The musicalization of the coming-of-age film, about a teenager and a war widow, had readings in New York City and Ann Arbor, MI, in 1999. Foster is an actor who appeared in Footloose and the recent Grease! revival. David Kirshenbaum wrote Yes, Virginia, There is a Santa Claus.

Two more new musicals will be presented in the Chester 2000 2001 season. Goodspeed is the organization that gave early voice to a musical called Annie.

* This developing Summer of '42 musical joins a list of film-based stage musicals such as Big, Saturday Night Fever, Footloose and The Lion King, with Thoroughly Modern Millie and Hans Christian Andersen also on the way.

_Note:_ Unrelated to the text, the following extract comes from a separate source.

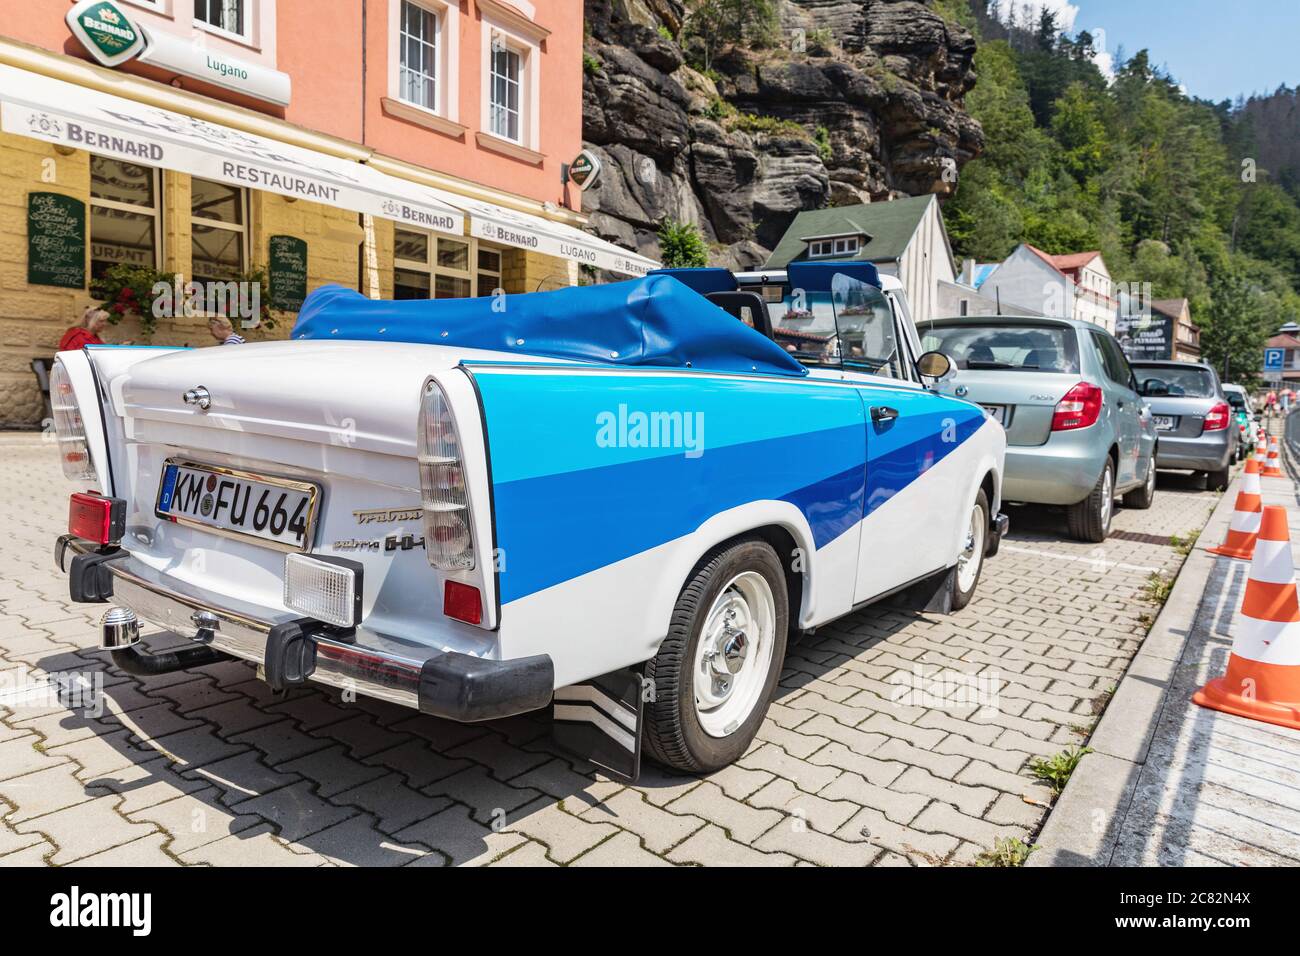 HRENSKO, TSCHECHISCHE REP - 19. JULI 2020. Historischer Trabant-Wagen, modifiziert als Cabriolet. Weiß-blauer trabant an einem sonnigen Tag in Hratensko, Tschechien. Stockfoto

Attached to previous readings were Alice Ripley (Side Show, Sunset Boulevard), her Sunset co-star Alan Campbell, and Footloose lead Jeremy Kushnier. Ripley recorded "Losing Track of Time," a song from Summer of '42, on her recent album, "Unsuspecting Hearts."

Though critics were lukewarm, Robert Mulligan's 1971 film, "Summer of '42," became a big box office draw, with new star Jennifer O'Neill and composer Michel LeGrand receiving special attention. The story told of a 15-year-old boy, Hermie, drawn into a relationship with Dorothy, a beautiful war-bride.

Nick Corley staged previous readings of Summer of '42.

Songs in the show include "Someone To Dance With Me," "Will That Ever Happen To Me?" and the solo for Dorothy, "Losing Track of Time."

Asked about how Summer came into fruition, composer-lyricist Kirshenbaum told Playbill On-Line (May 3, 1999), "It was Hunter Foster's idea, and we've been working on it just over a year in earnest. He and I went to the University of Michigan together. In fact, he had a lead role in the first musical I ever wrote. Anyway, he had the idea, and I said, `if you can get the rights to it, go ahead,' figuring these things are impossibly complicated. Hunter's lawyer approached [screenwriter] Herman Raucher's lawyers, and in a month we had the rights. We started working on it February of last year and held a private reading for ourselves in March."

Asked what he felt was special about the material, Kirshenbaum said, "It's a memory play. People remember the movie's nostalgic element, the relationship between Dorothy and Hermie, but I think the piece is more about loss. It's very touching. Through this first love of his life, Hermie goes through every kind of emotion you can experience in a relationship. Of course, it's also very funny."